Remediation of Contaminated Sites-The Pump and Treat System

Remediation of Contaminated Sites-The Pump and Treat System

By Dr. Yashpal Singh

Ex-situ, contaminated site remediation technologiesinvolve the extraction and subsequent treatment of contaminated ground water. Ex-situ remediation generates two streams one of the contaminated residues which has to be immobilized and disposed safety. The other stream of purified ground water has also to be disposed of either by reinjection into the aquifer, passive infiltration into the aquifer, disposal to land/marine/surface water bodies, evaporation and even disposal to foul sewer systems.Reinjection of remediated ground water and upgrading of a contaminated region effectively combines the technology of hydraulic flushing with the ex-situ treatment. Reinjection, downstream of the contaminated region can serve as a hydraulic barrier to flow from the contaminated region. Whichever disposal option is used, it is important that the environmental impact of that particular disposal is considered.

Pump and Treat remedies often operate for long periods, in some cases decades and can significantly contribute to the energy and environmental foot print of a Pump and Treat remedy. Environmental Impacts may be related to energy use, material handling, wastes generated, impact on ground water (dewatering of wet lands), land use conflicts etc. through the implementation of various processes such as ground water extraction, process equalization, metals removal by chemical reaction and precipitation etc.,air stripping, off gas treatment,granulated active carbon filtration, Effluent tanks, discharges to surface water, building and other long-time operations. It may also lead to net withdrawal of local ground water resources when extracted water is discharged to surface water.Pump and treat is highly effective in remediating highly contaminated waters in relatively short time. Once this high contamination is removed, technologies that are more effective at low contaminant concentrations can be used. Pump and treat can also be used for gradient control to prevent migration of chromium from the site while other clean up technologies are being implemented.
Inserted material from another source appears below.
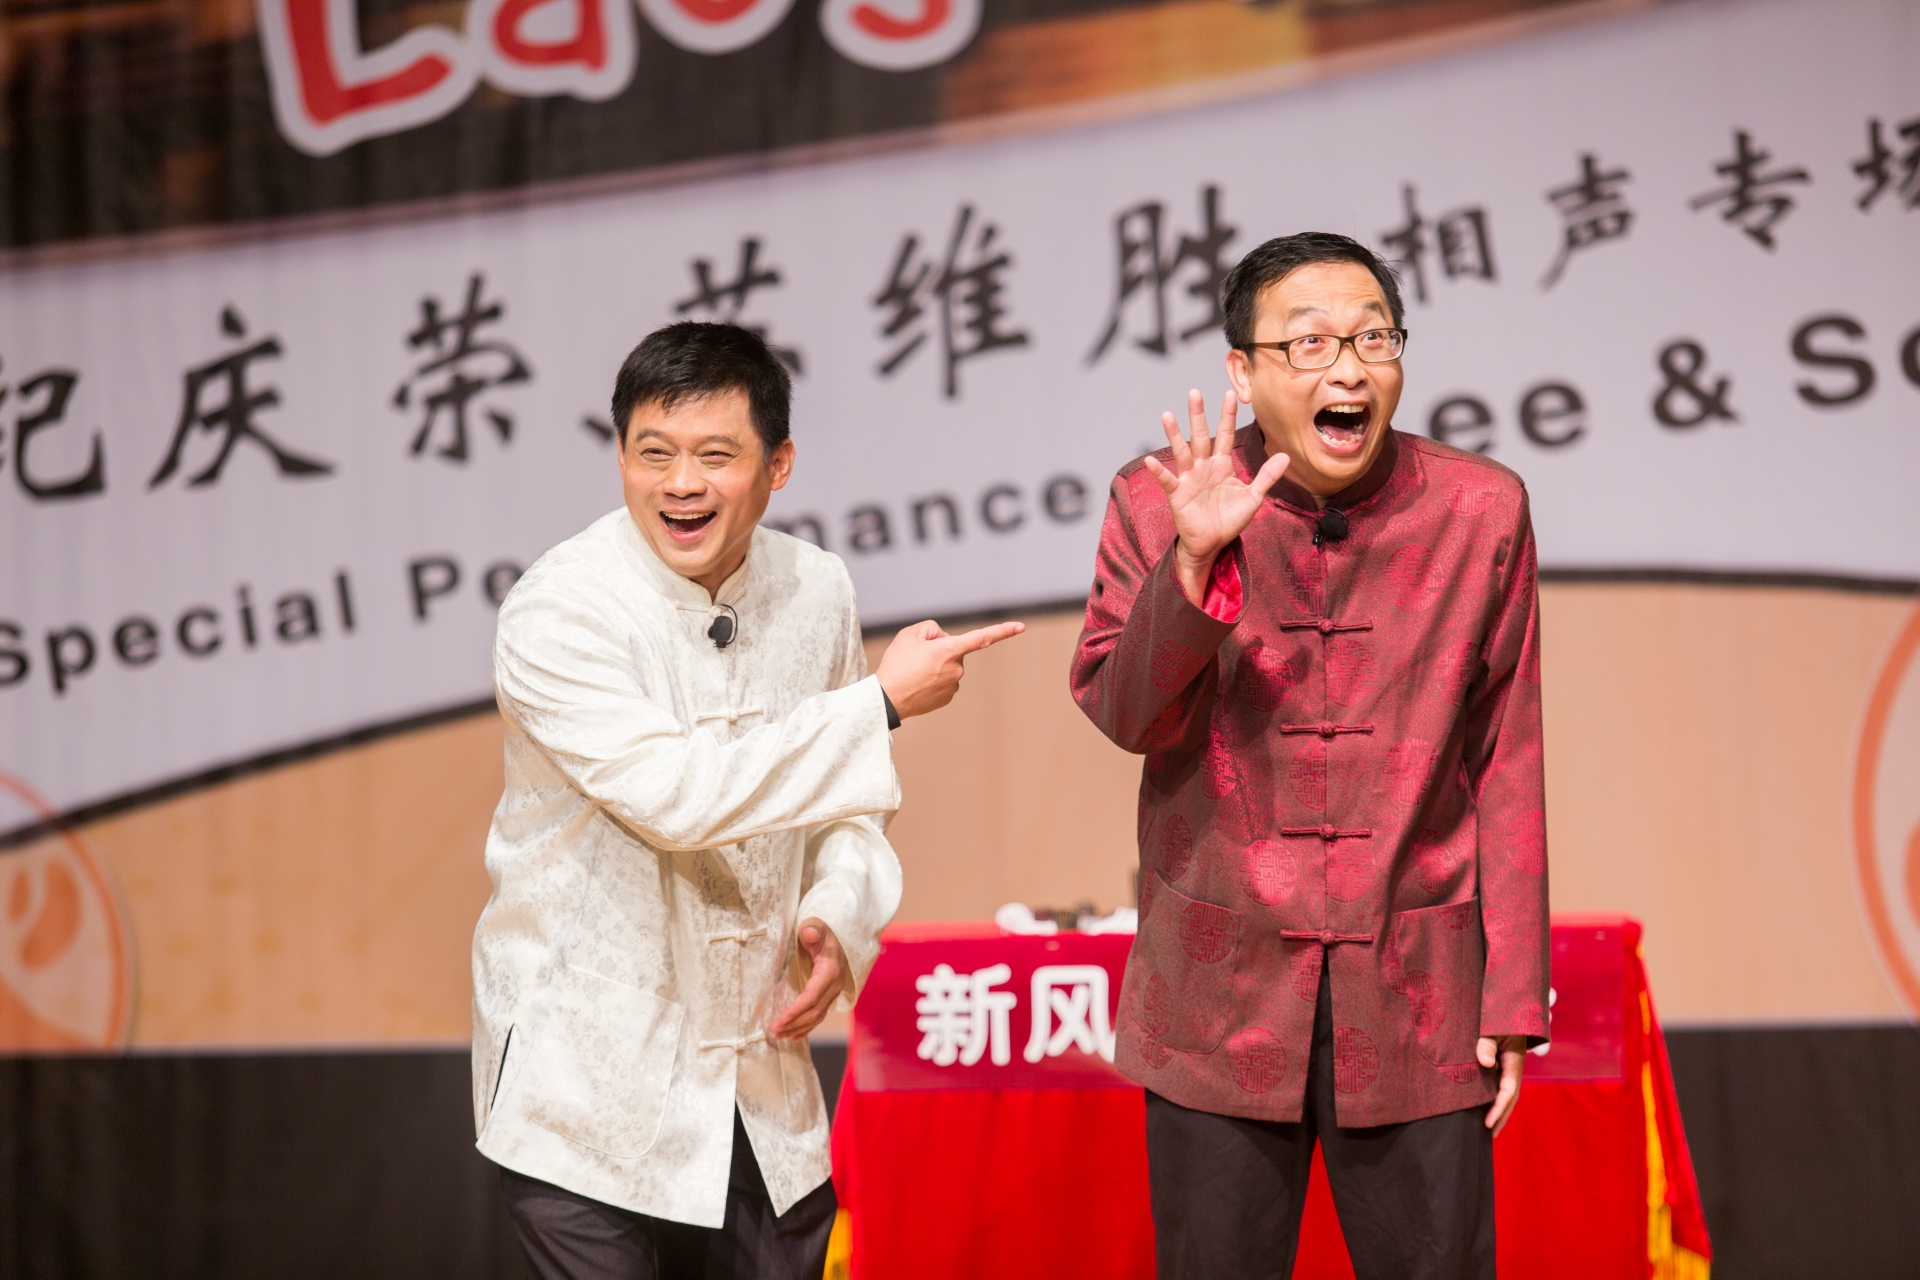 新加坡紀慶榮（左）、馬來西亞蘇維勝進行相聲演出。圖/台北曲藝團提供

While the concentration of contaminants is initially high in the extraction wells, they decrease significantly with continuous pumping. One of the major problems with the pump and treat systems is that these residual contaminants are much higher than the maximum contaminant levels and would persist for a long time. This tailing is an area of concern.

Early efforts at aquifer remediation relied mostly on the pump and treat systems which involved, extraction of contaminated ground water from the aquifer, treating and either returning it to the aquifer or otherwise disposing elsewhere. The extracted water was replaced by clean water. An assessment done by E.P.A. on 19 sites in 1989 found that many of these systems had achieved mass removal and some degree of plume control as well as a reduction in contaminant concentrations but most of them were not achieving aquifer restoration. The causes of poor performance included sub surface heterogeneity, sorption of chemicals to aquifer solids, the presence of NAPLS, inadequate site characterizations and poor system design. Subsurface heterogeneity generally leads to more accumulation of contaminants in the low permeability zone and it becomes difficult to move these contaminants out of the low permeability zone. Some other limitations in the pump and treat system are the persistence of contamination source zones over a longer period of time, long treatment times, large volumes of ground water to treat and discharge and the high OM costs with loss of land use. Abiotic technologies overcome this problem by the addition of energy to heat the aquifer using steam, hot water, electrical resistance heating or radio frequency heating or electro kinetics’. Permeable reactive barriers are also a cost-effective method.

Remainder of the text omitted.